* **Collected data**
════════

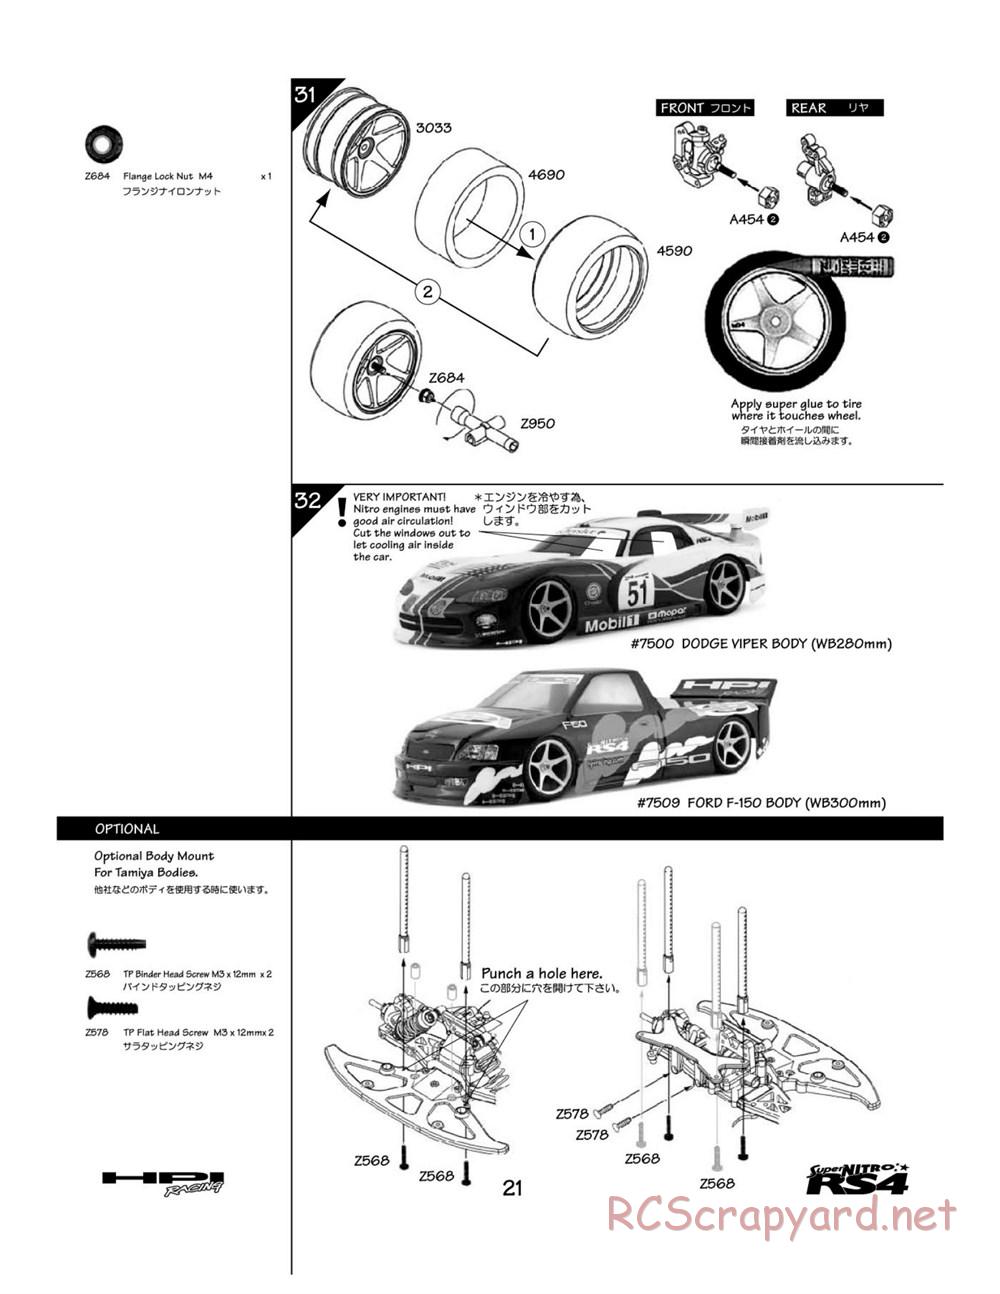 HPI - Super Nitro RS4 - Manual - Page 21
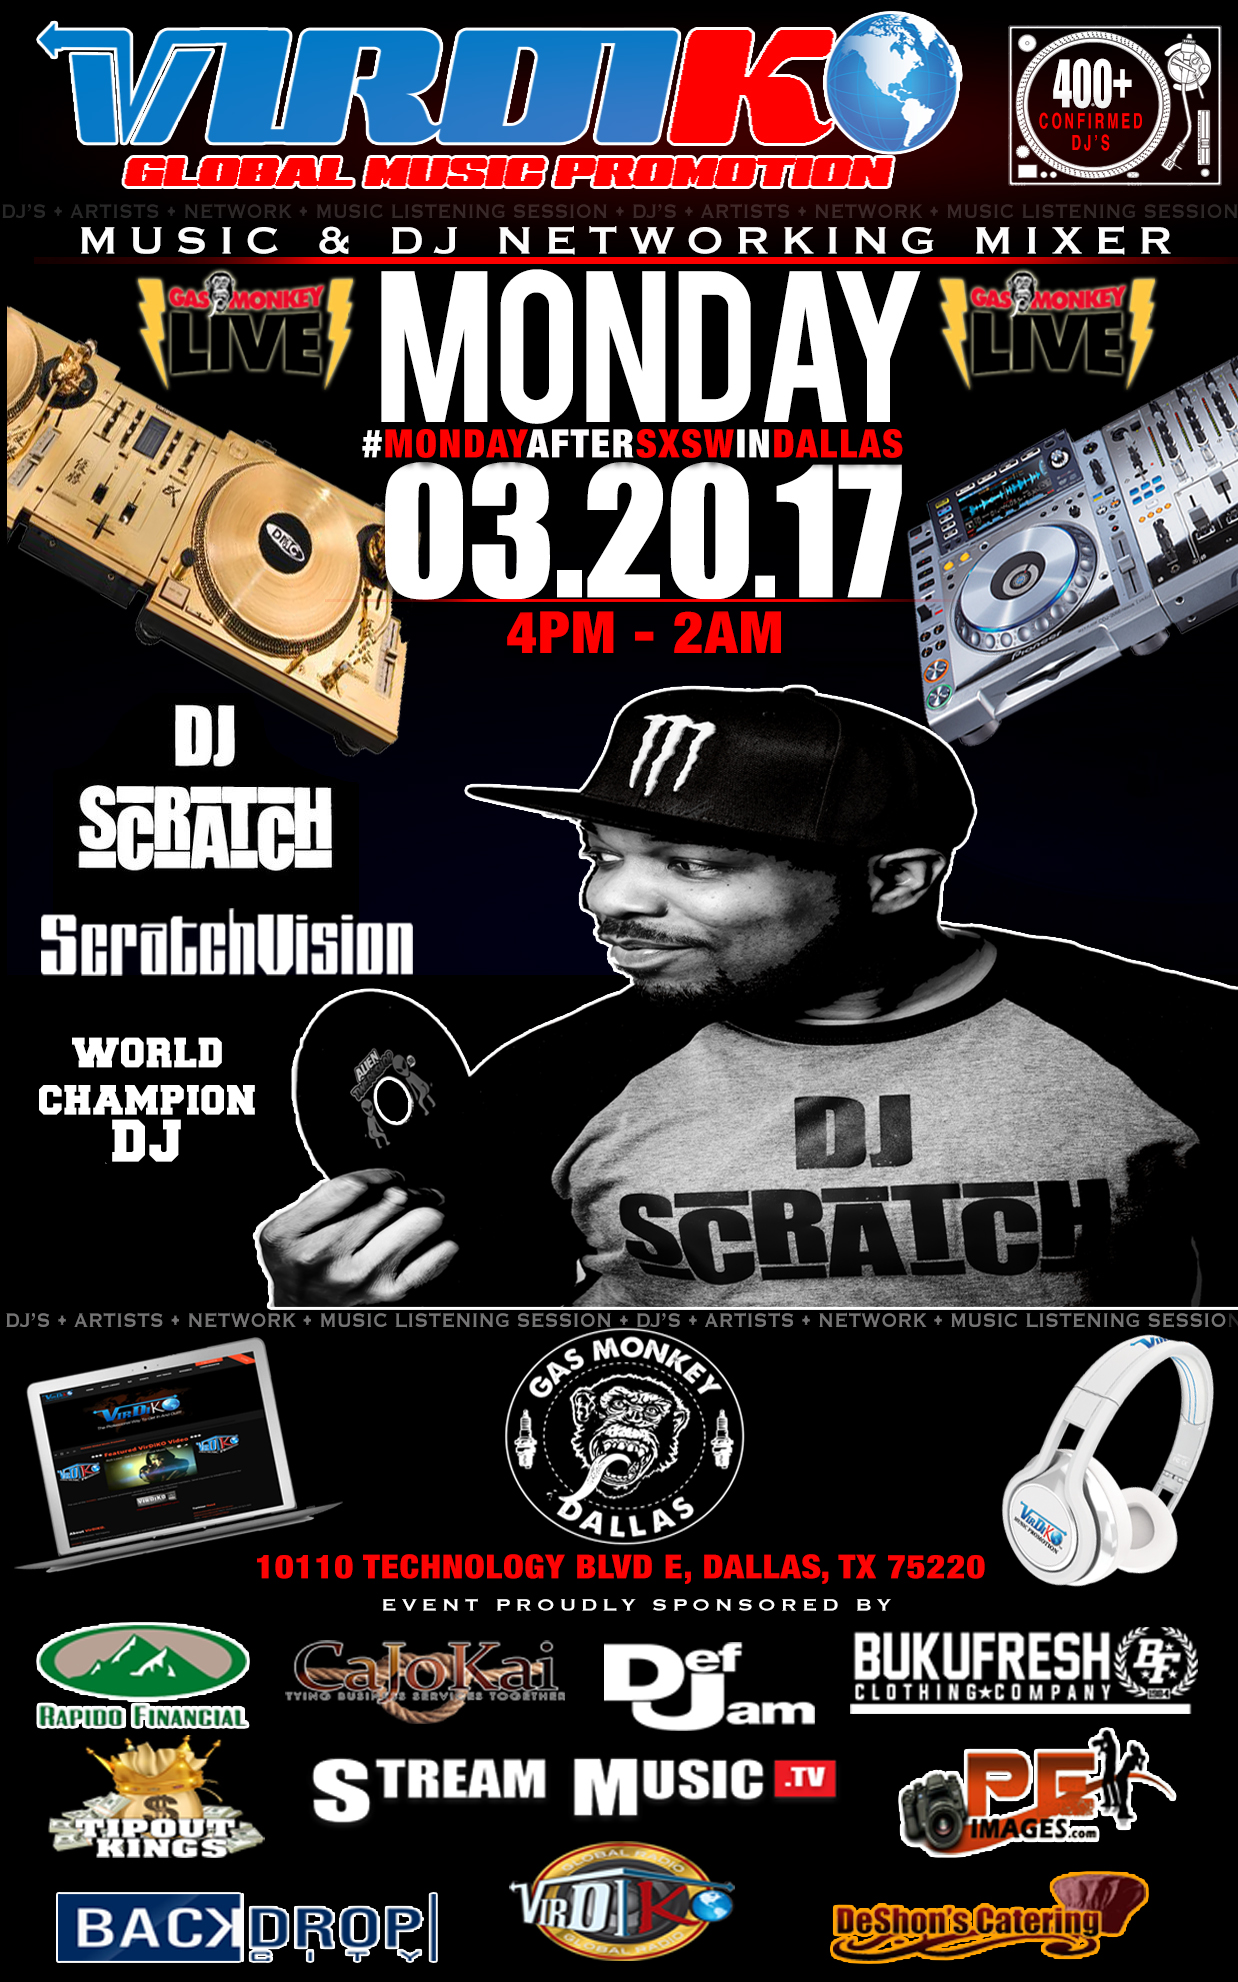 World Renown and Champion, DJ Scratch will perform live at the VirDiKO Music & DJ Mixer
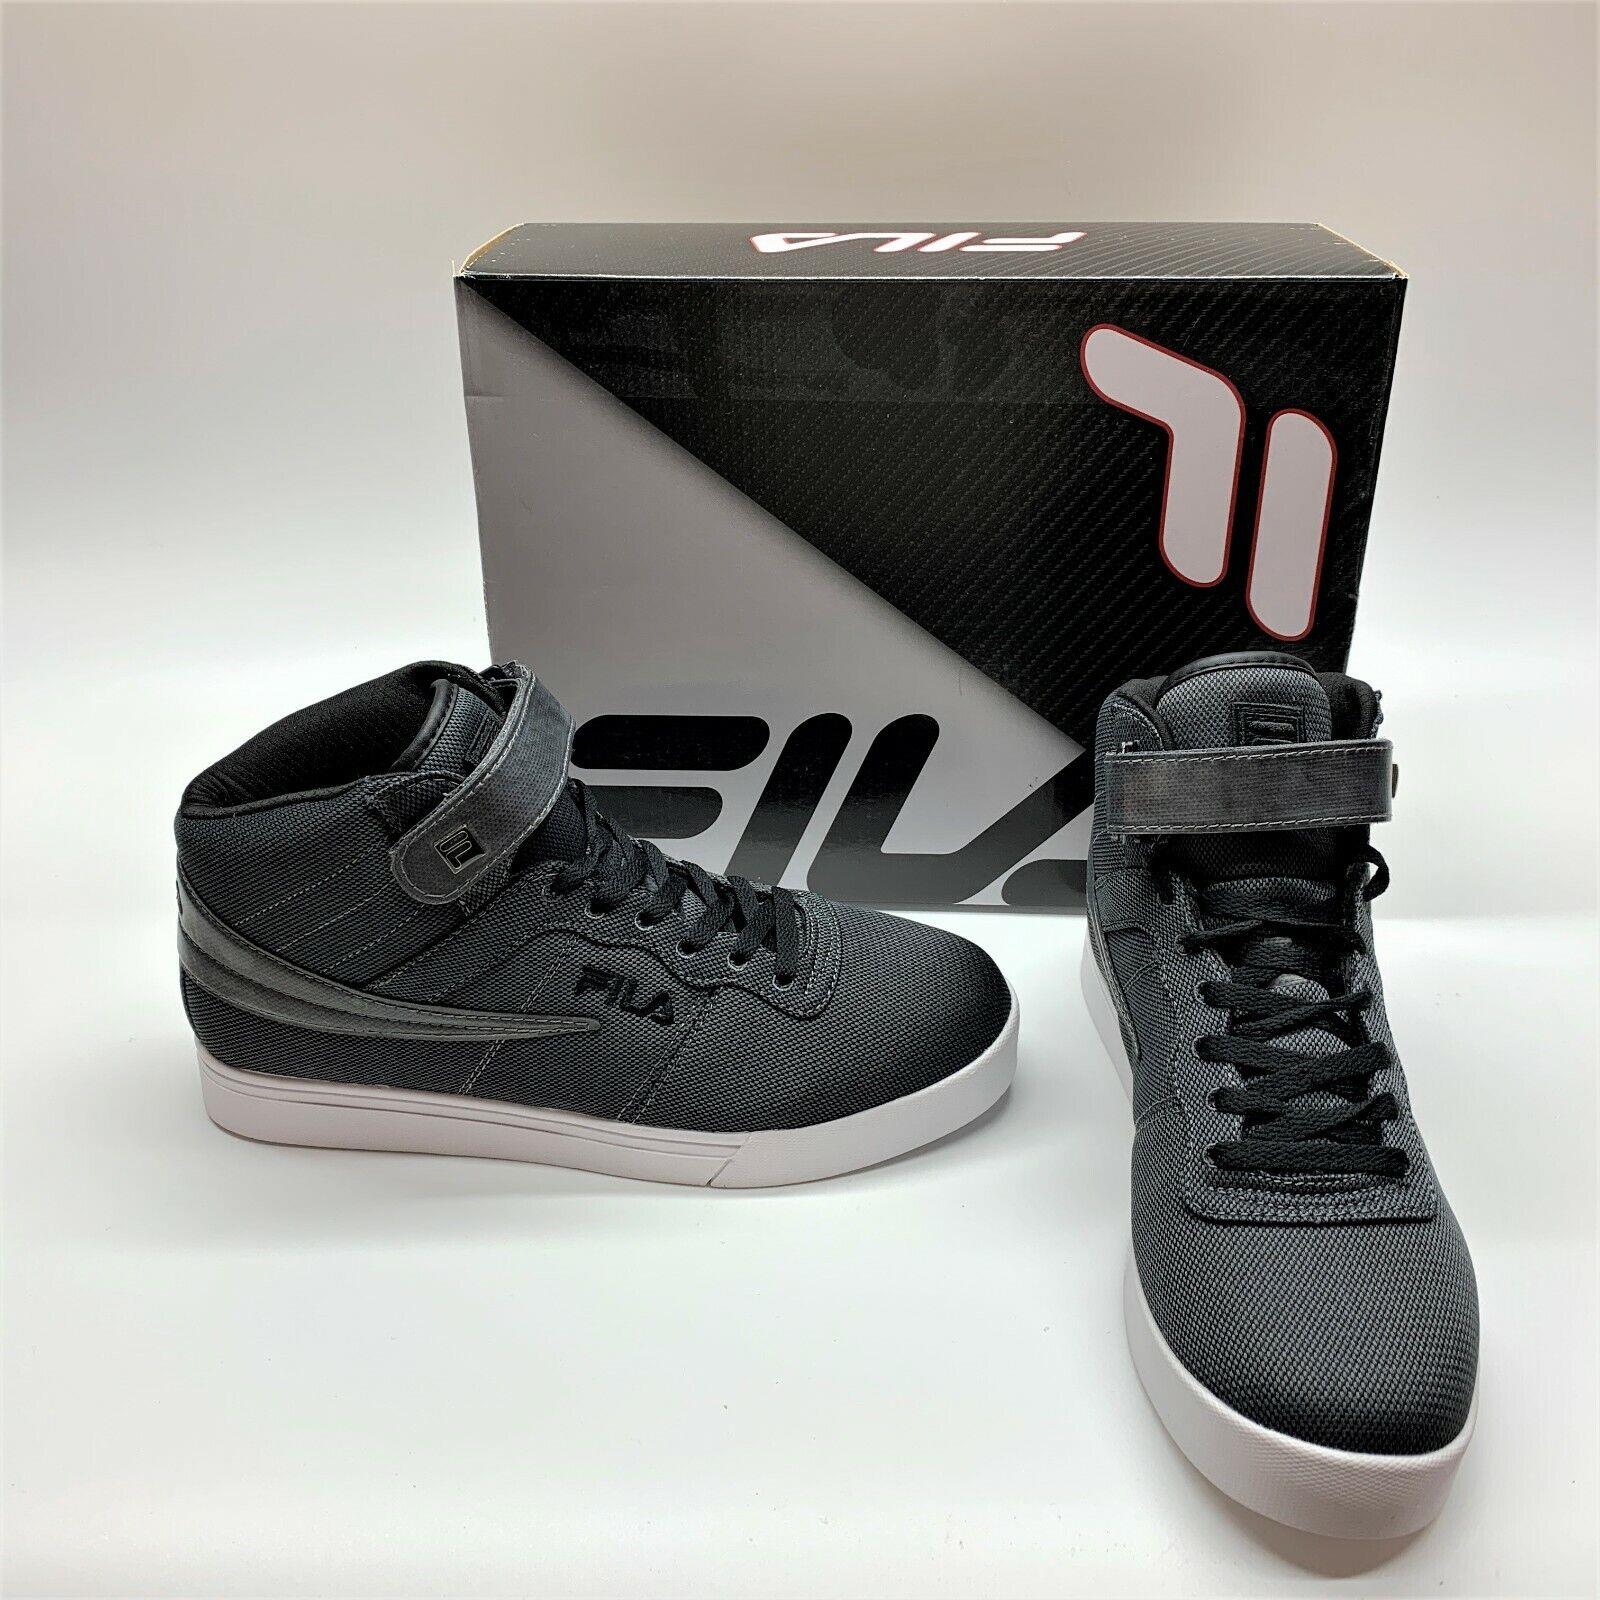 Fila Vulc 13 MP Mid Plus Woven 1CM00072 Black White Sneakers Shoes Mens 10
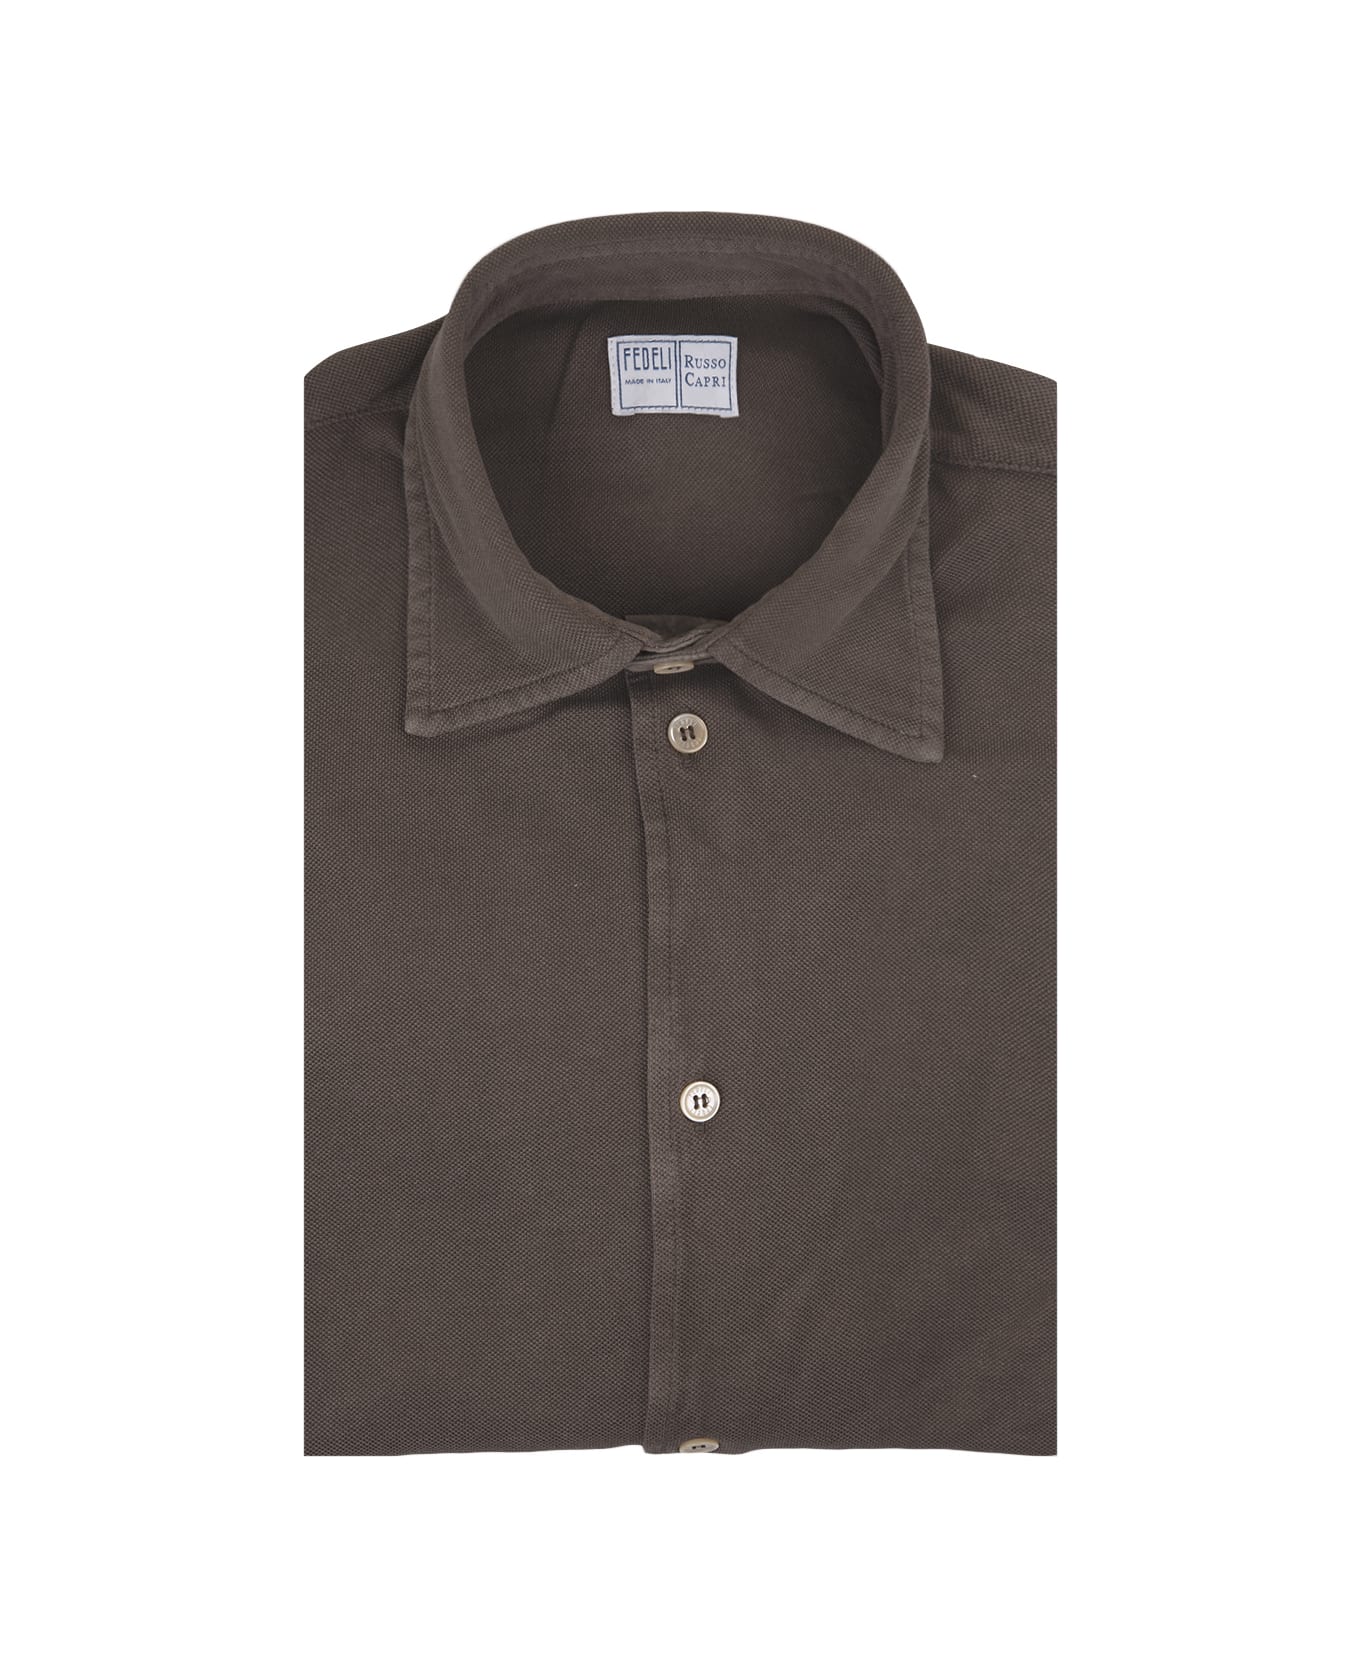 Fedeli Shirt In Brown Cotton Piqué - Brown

════════

* **Action item**
All of the data needs repeating exactly, but the pictures do not.

* **Task output**
 HPI - Super Nitro RS4 - Manual - Page 21
 World Renown and Champion, DJ Scratch will perform live at the VirDiKO Music & DJ Mixer
 Fila Vulc 13 MP Mid Plus Woven 1CM00072 Black White Sneakers Shoes Mens 10
 Fedeli Shirt In Brown Cotton Piqué - Brown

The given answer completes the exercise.